Autoregressive Moving Average Model

ARMA model, which is a popular time-series analysis tool, is the combination of Autoregressive (AR) model and Moving Average (MA) model. AR model is a linear regression model which predicts future values based on the history data and works well when there is correlation between the values in the time-series. MA model generates a value linearly dependent on the current and past values, which indicates the trend or momentum of the time-series data. Combining the advantages of AR and MA model, ARMA model usually requires fewer parameters than AR or MA model alone. With the implementation of ARMA model in homomorphic encryption context, time-series analysis on various encrypted data becomes possible, which is the reason why it is a general-purpose tool for HETSA.

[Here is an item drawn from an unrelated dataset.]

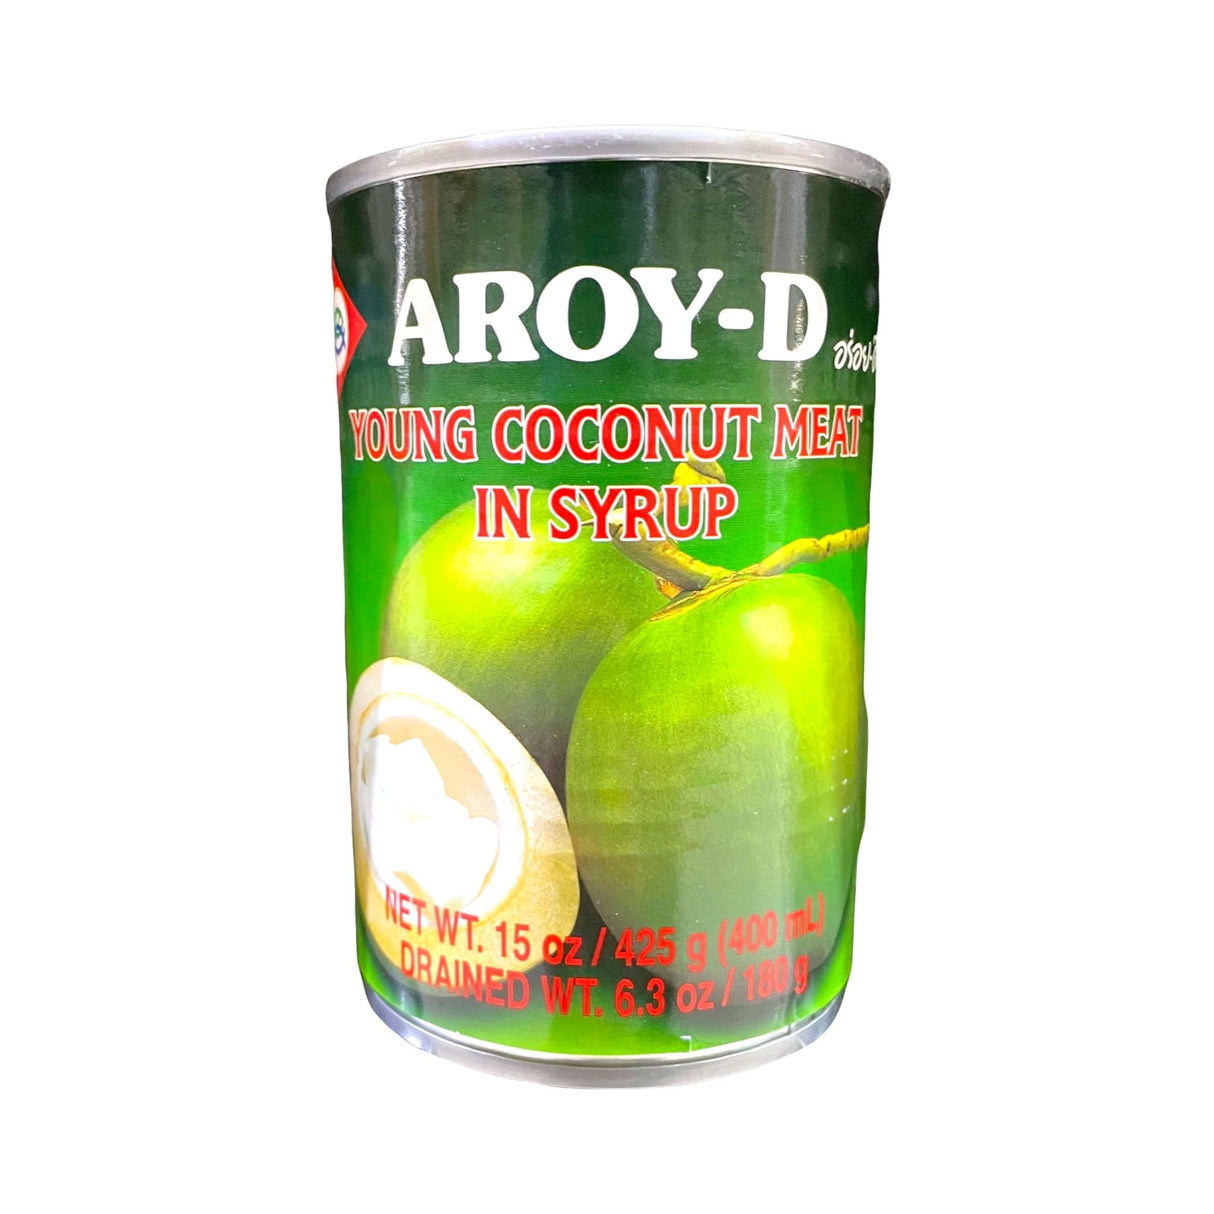 Aroy-d Young Coconut Meat in Syrup

Exponential Moving Average

EMA is a first-order infinite impulse response filter that is widely used in finanial area. It can be applied to analysing stock markets and is utilised in a variety of trading strategies.

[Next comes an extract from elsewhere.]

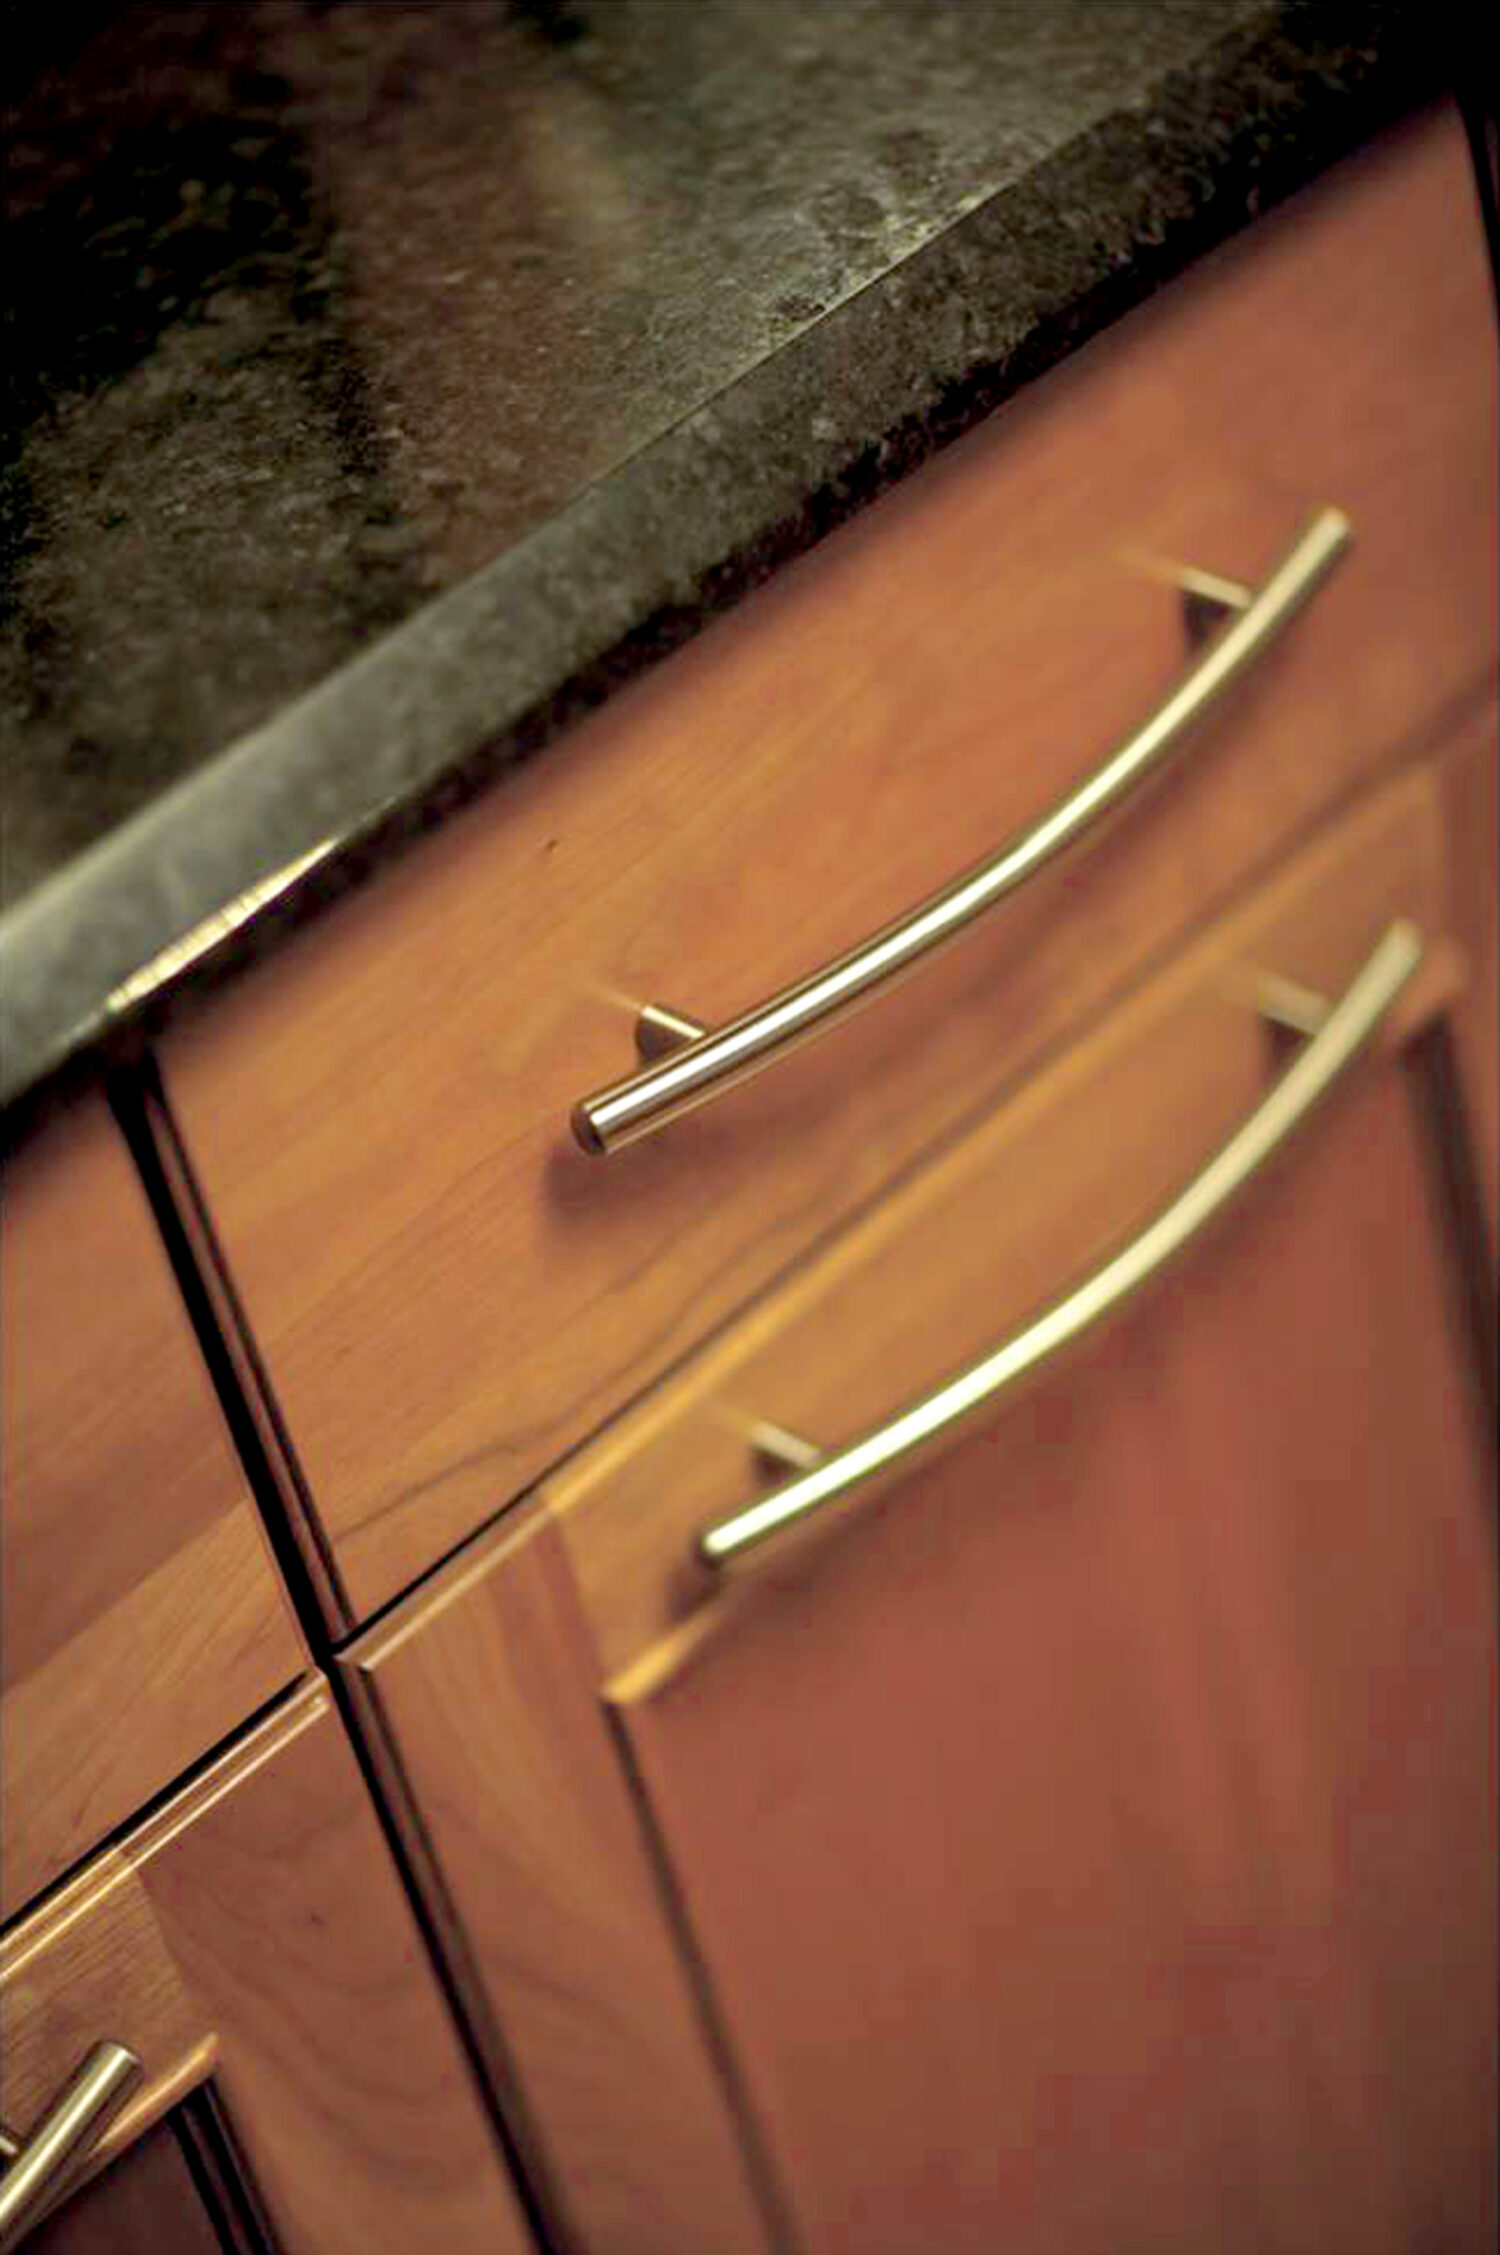 A close up to casual style cabinets with a warm stain on cherry wood with a black countertop.

Financial Applications - Moving Average Convergence Divergence

Algorithmic trading has proliferated the area of quantitative finance for already a number of decades. The decisions are made in an automatic manner using the data provided by brokerage firms and exchanges. There is an emerging intermediate layer of financial players that is placed in between a broker and algorithmic traders. The role of these players is to aggregate market decisions from the algorithmic traders and send a final market order to a broker. In return the quants receive incentives proportional to the correctness of their predictions. In such a setup, the intermediate player - an aggregator does not provide the market data in plaintext but encrypts it. Encrypting market data prevents quants from trading on their own, as well as keeps expensive financial data private. In this use case we implement a MACD-based trend-following strategy with homomorphic encryption methods.

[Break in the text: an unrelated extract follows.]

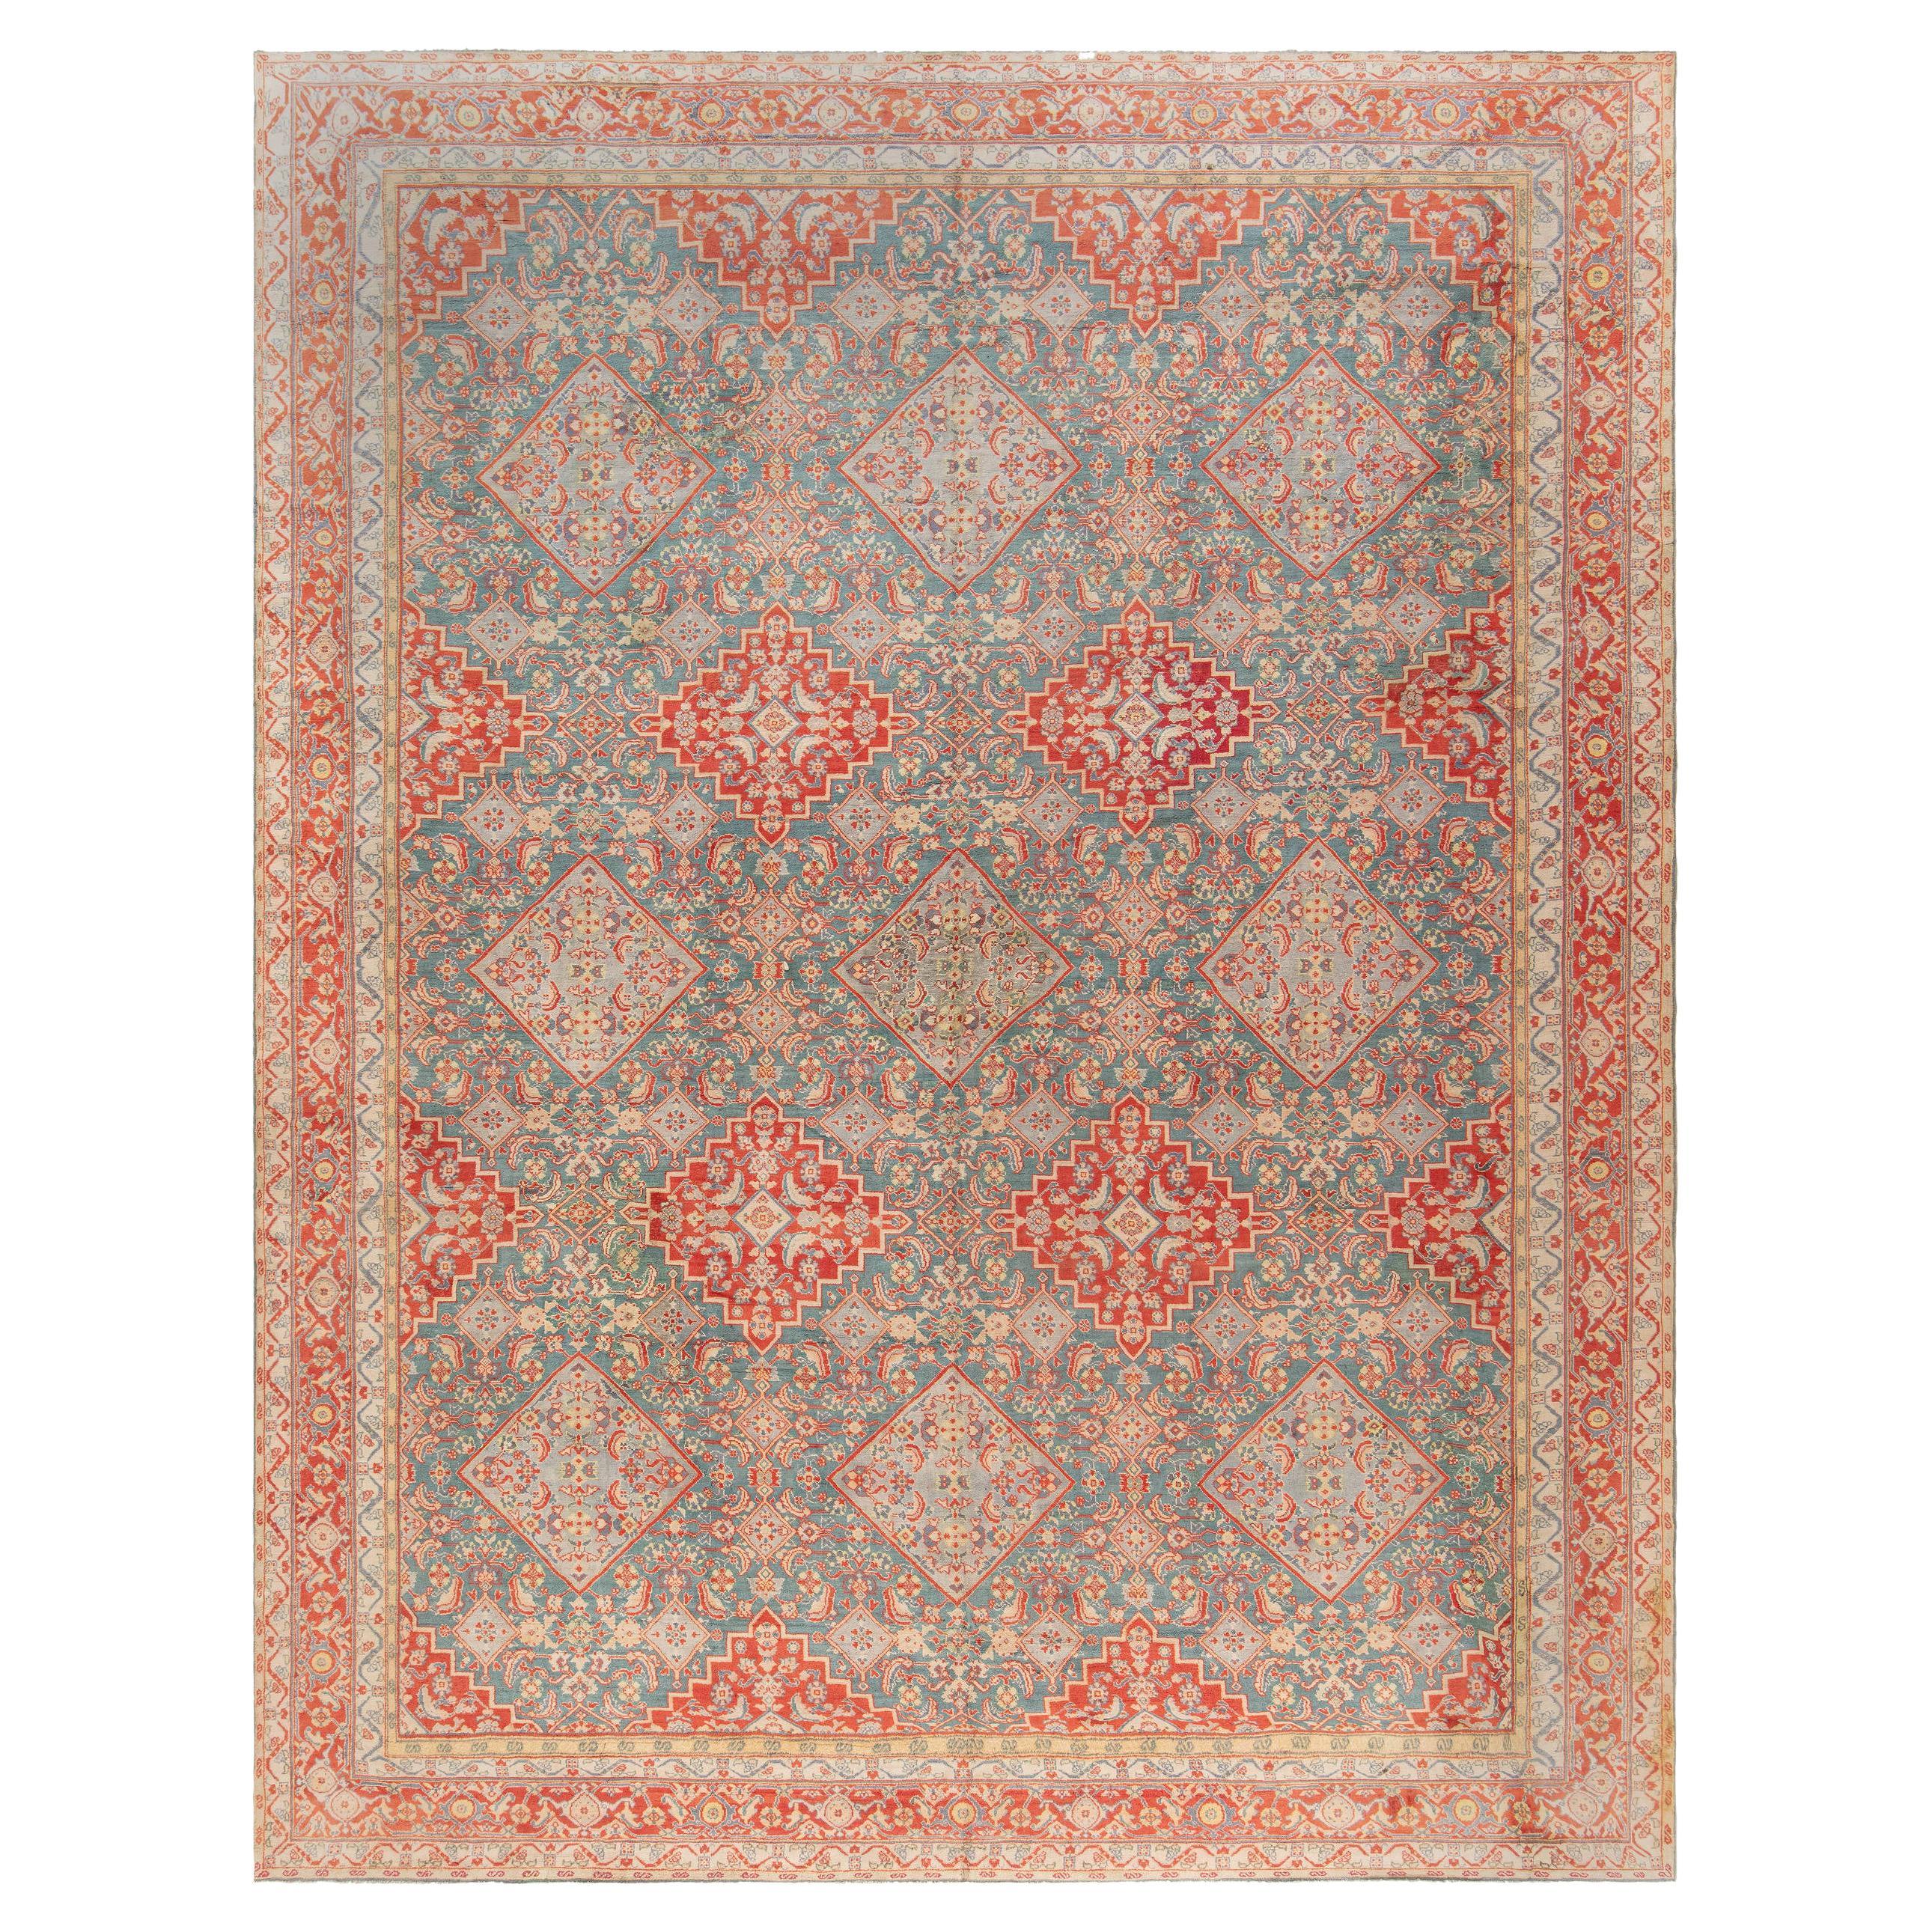 Antique Indian Agra Red Blue Handmade Rug For Sale

Medical Applications - Diabetes diagnosis on encrypted heart rate variability - TODO

In this application, the HETSA library is employed to detect diabetes through the analysis of the encrypted heart rate variability (HRV). HRV is usually measured by a wearable device (e.g. smartwatch) and is transmitted over the Internet in an encrypted form to a remote server for further processing. In order to make a diagnosis, the HETSA implements spectral analysis and linear classifiers.

Getting started

Dependencies

Microsoft SEAL Library
HEAAN Library
NTL
cmake
gcc/g++

NTL has to be installed first as HEAAN uses it.

Microsoft SEAL Library needs to be installed beforehand from the above link.

HEAAN Library is included but needs to be built.

cd HEAAN/lib
make all

Please note that it may take dozens of minutes to run one program as the state-of-the-art homomorphic encryption libraries are still extremely inefficient. Generally speaking, SEAL outpasses HEAAN in terms of efficiency.

General Toolbox Implementation

EMA model with HEAAN

cd GeneralToolbox/EMA-HEAAN
make
./EMA

Run ema.ipynb in Jupyter Notebook to generate EMA signals based on plaintext data and compare the outputs of the plaintext and ciphertext approaches.

ARMA in Plaintext

Run the test cases in ARMA-Plaintext/TestsAndDemos in MATLAB.

ARMA model with HEAAN

DOING

Financial Application

Please note that the minimum RAM required is 32GB as ciphertexts are memory-consuming.

MACD with SEAL

cd FinancialApplications/macd-SEAL
cmake .
make
./macd

MACD with HEAAN

cd FinancialApplications/macd-HEAAN
make
./MACD

MACD in Plaintext

Run macd.ipynb in Jupyter Notebook to generate MACD signals and trading decisions based on plaintext data.

Visualisation

Run output-comparison.ipynb in Jupyter Notebook to visualise results.